Item 75: Consider using a custom serialized form


Do not accept the default serialized form without first considering whether it is appropriate. Accepting the default serialized form should be a conscious decision that this encoding is reasonable from the standpoint of flexibility, performance, and correctness. Generally speaking, you should accept the default serialized form only if it is largely identical to the encoding that you would choose if you were designing a custom serialized form.

The default serialized form is likely to be appropriate if an object’s physical representation is identical to its logical content. For example, the default serialized form would be reasonable for the following class, which simplistically represents a person’s name:

// Good candidate for default serialized form
public class Name implements Serializable {
/**
* Last name. Must be non-null.
* @serial
*/
private final String lastName;
/**
* First name. Must be non-null.
* @serial
*/
private final String firstName;
/**
* Middle name, or null if there is none.
* @serial
*/
private final String middleName;
... // Remainder omitted
}

Logically speaking, a name consists of three strings that represent a last name, a first name, and a middle name. The instance fields in Name precisely mirror this logical content.
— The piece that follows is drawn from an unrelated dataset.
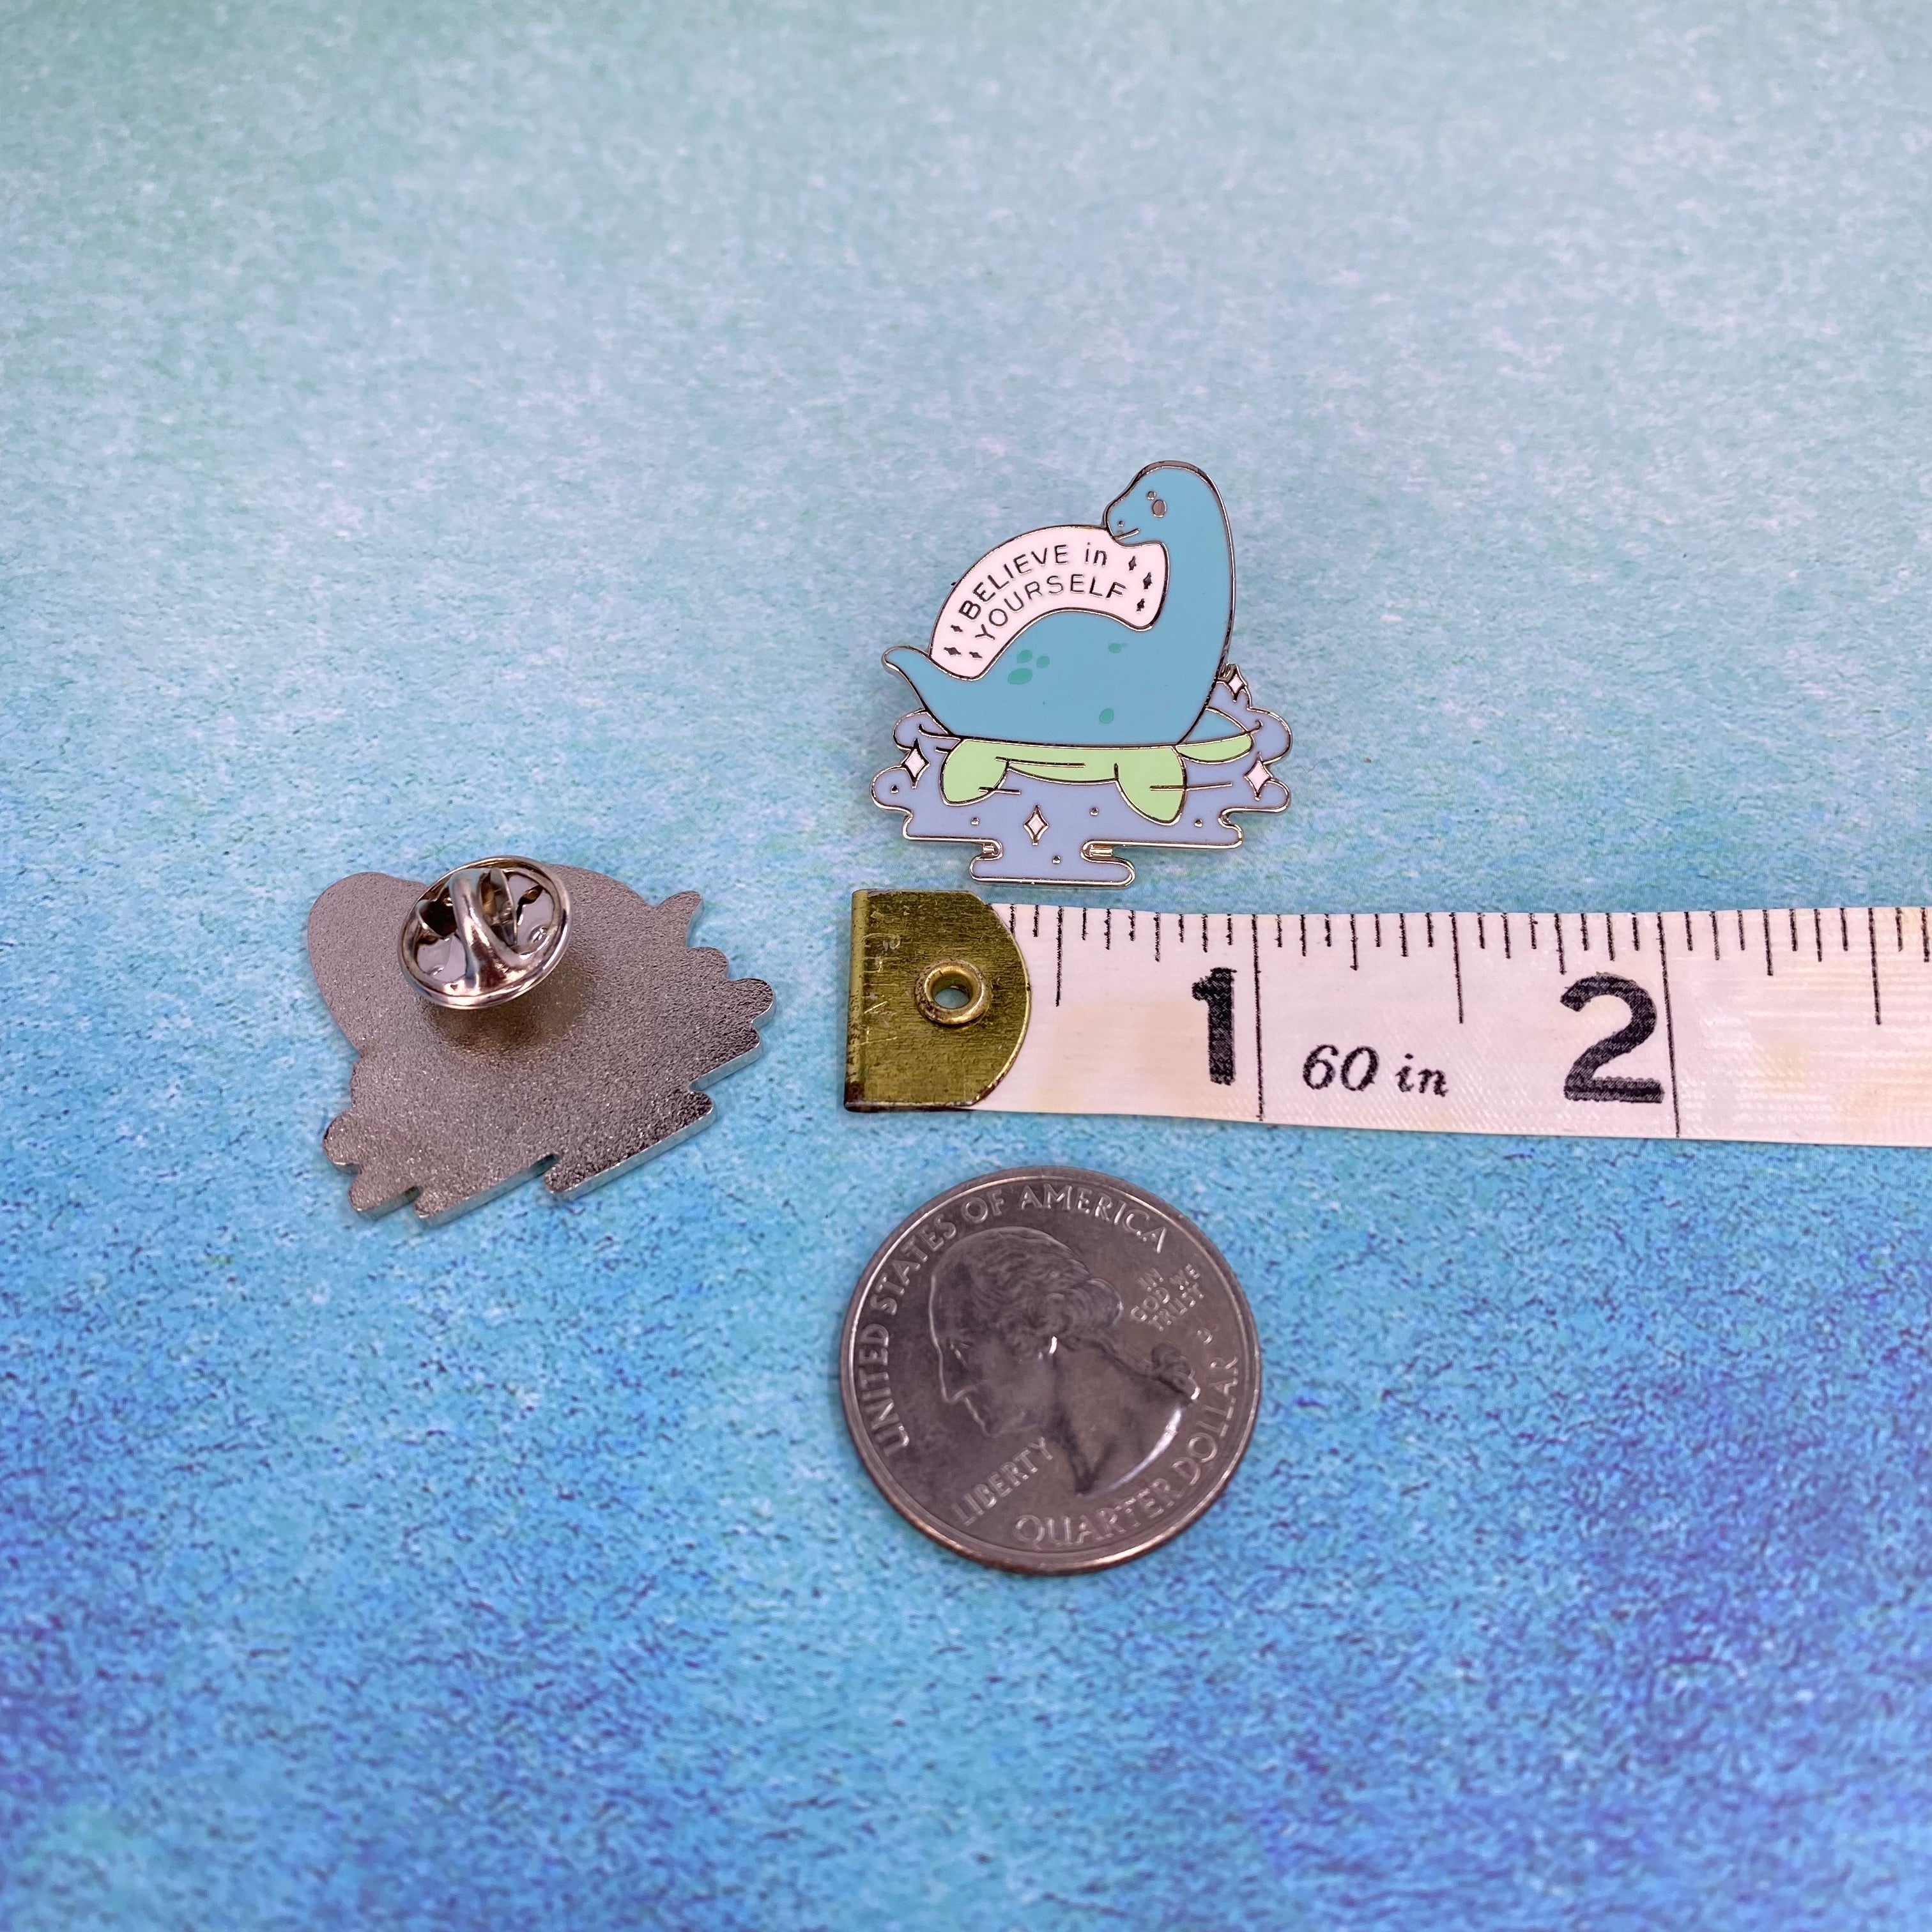 Nessie the Loch Ness Monster Small Enamel Coated Metal Pins

Even if you decide that the default serialized form is appropriate, you often must provide a readObject method to ensure invariants and security. In the case of Name, the readObject method must ensure that lastName and first- Name are non-null. This issue is discussed at length in Items 76 and 78.

Note that there are documentation comments on the lastName, firstName, and middleName fields, even though they are private. That is because these private fields define a public API, which is the serialized form of the class, and this public API must be documented. The presence of the @serial tag tells the Javadoc utility to place this documentation on a special page that documents serialized forms.
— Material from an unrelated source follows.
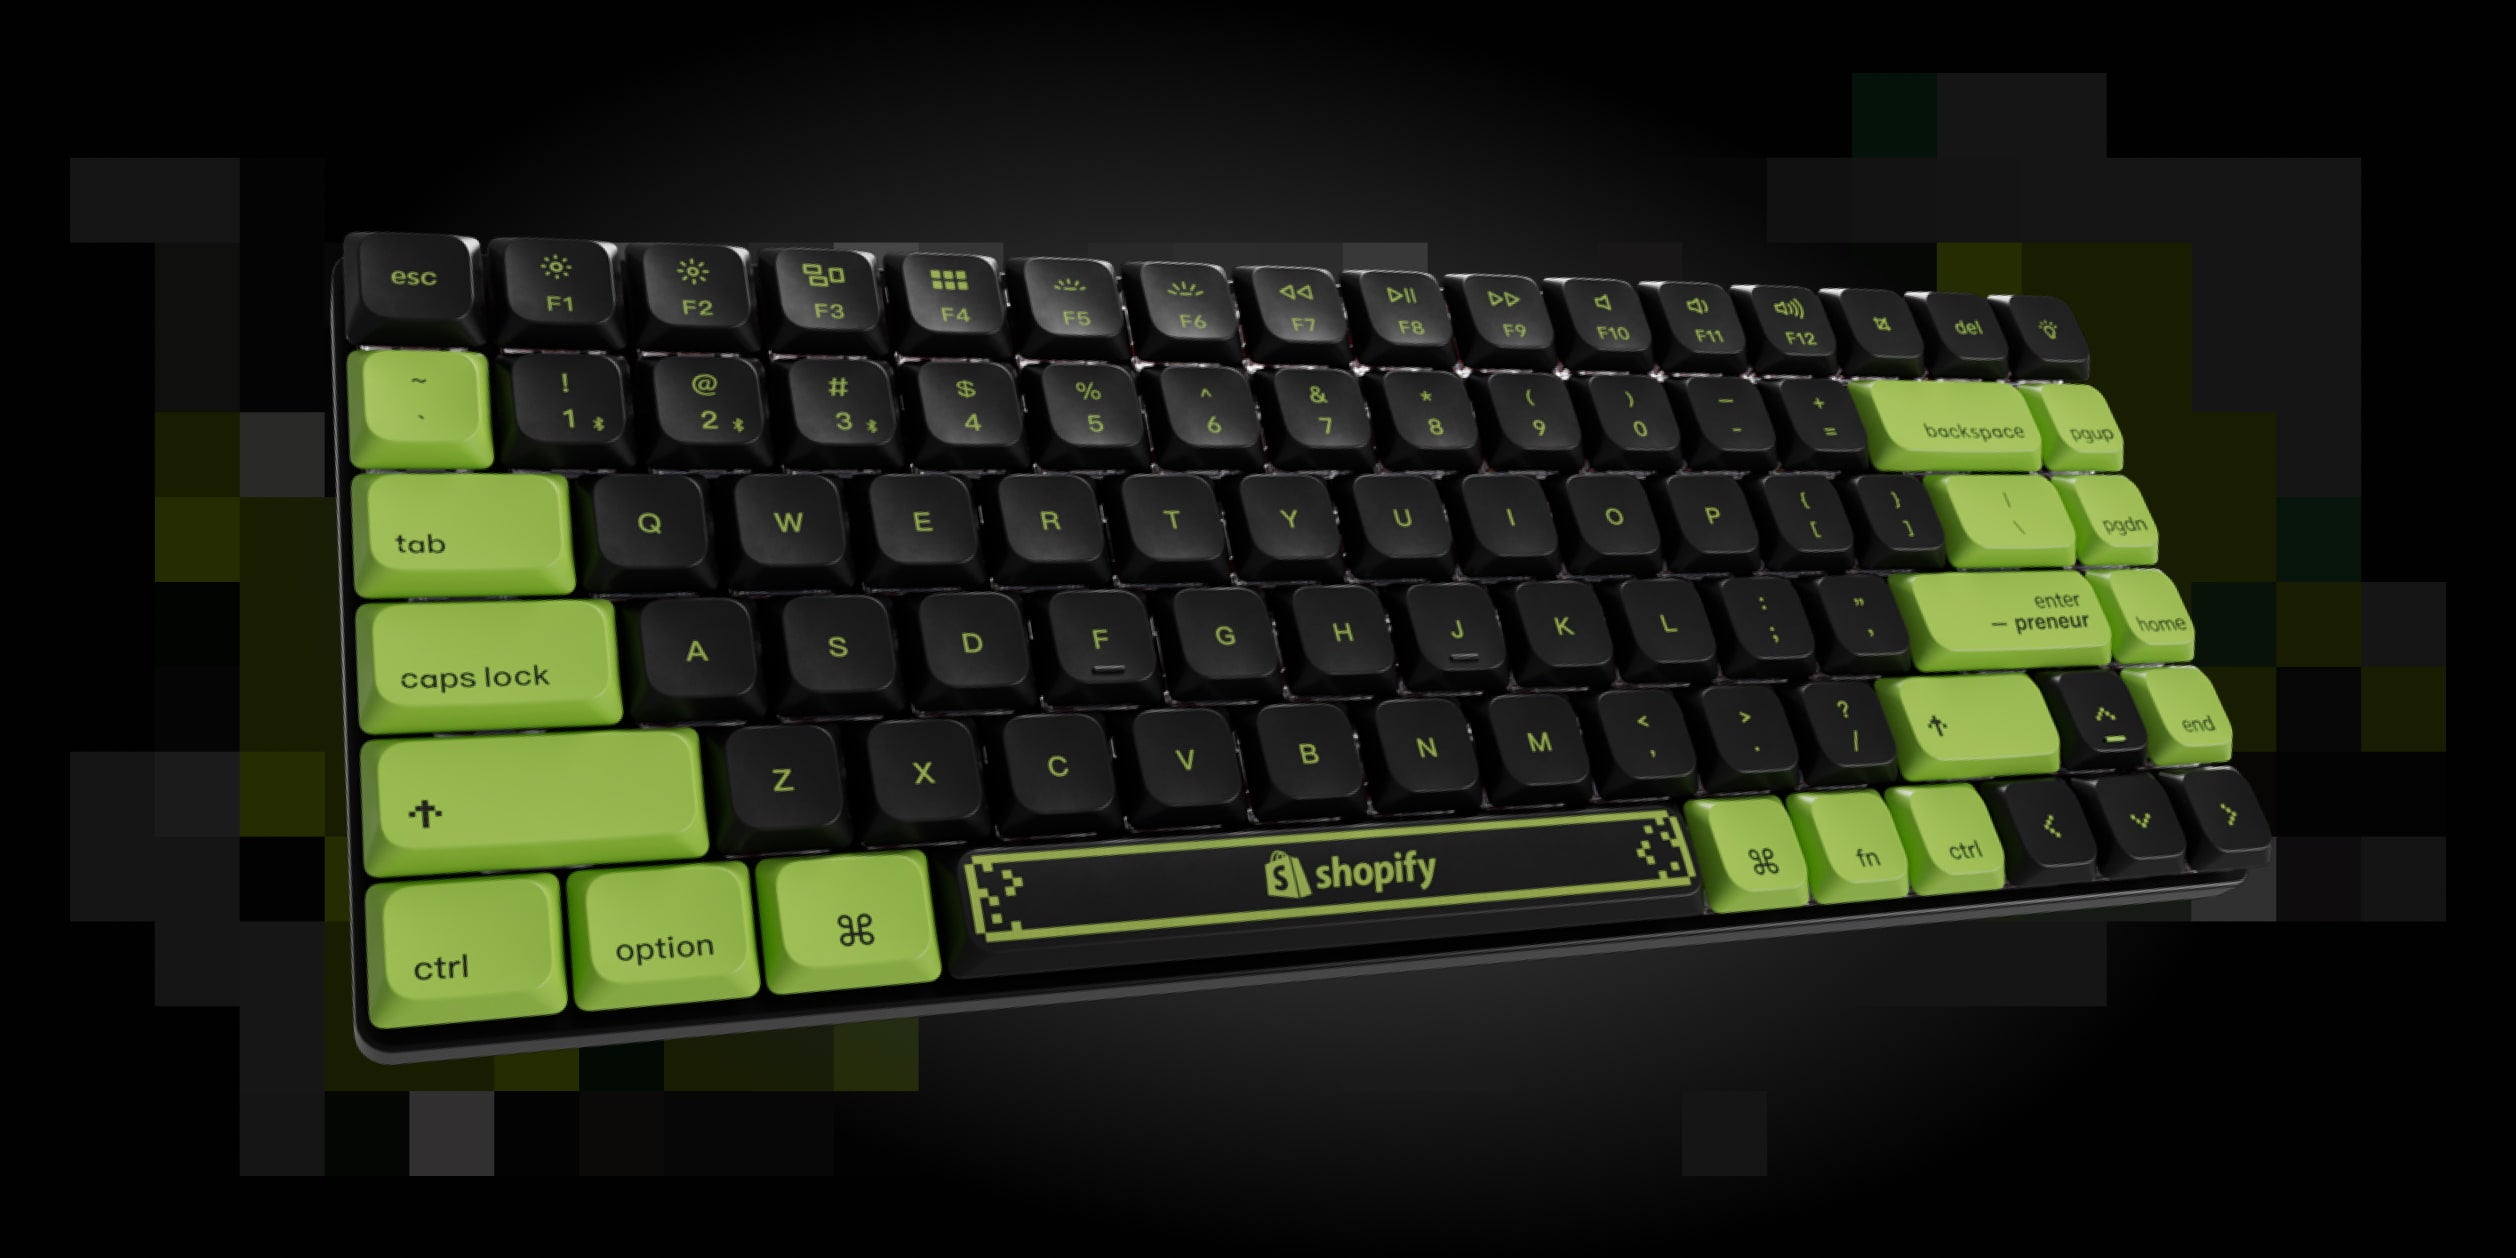 Shopify and Keychron collaboration keyboard

Near the opposite end of the spectrum from Name, consider the following class, which represents a list of strings (ignoring for the moment that you’d be better off using one of the standard List implementations):

// Awful candidate for default serialized form
public final class StringList implements Serializable {
private int size = 0;
private Entry head = null;
private static class Entry implements Serializable {
String data;
Entry next;
Entry previous;
}
... // Remainder omitted
}

Logically speaking, this class represents a sequence of strings. Physically, it represents the sequence as a doubly linked list. If you accept the default serialized form, the serialized form will painstakingly mirror every entry in the linked list and all the links between the entries, in both directions.

Using the default serialized form when an object’s physical representation differs substantially from its logical data content has four disadvantages:

It permanently ties the exported API to the current internal representation. In the above example, the private StringList.Entry class becomes part of the public API. If the representation is changed in a future release, the StringList class will still need to accept the linked list representation on input and generate it on output. The class will never be rid of all the code dealing with linked list entries, even if it doesn’t use them anymore.

It can consume excessive space. In the above example, the serialized form unnecessarily represents each entry in the linked list and all the links. These entries and links are mere implementation details, not worthy of inclusion in the serialized form. Because the serialized form is excessively large, writing it to disk or sending it across the network will be excessively slow.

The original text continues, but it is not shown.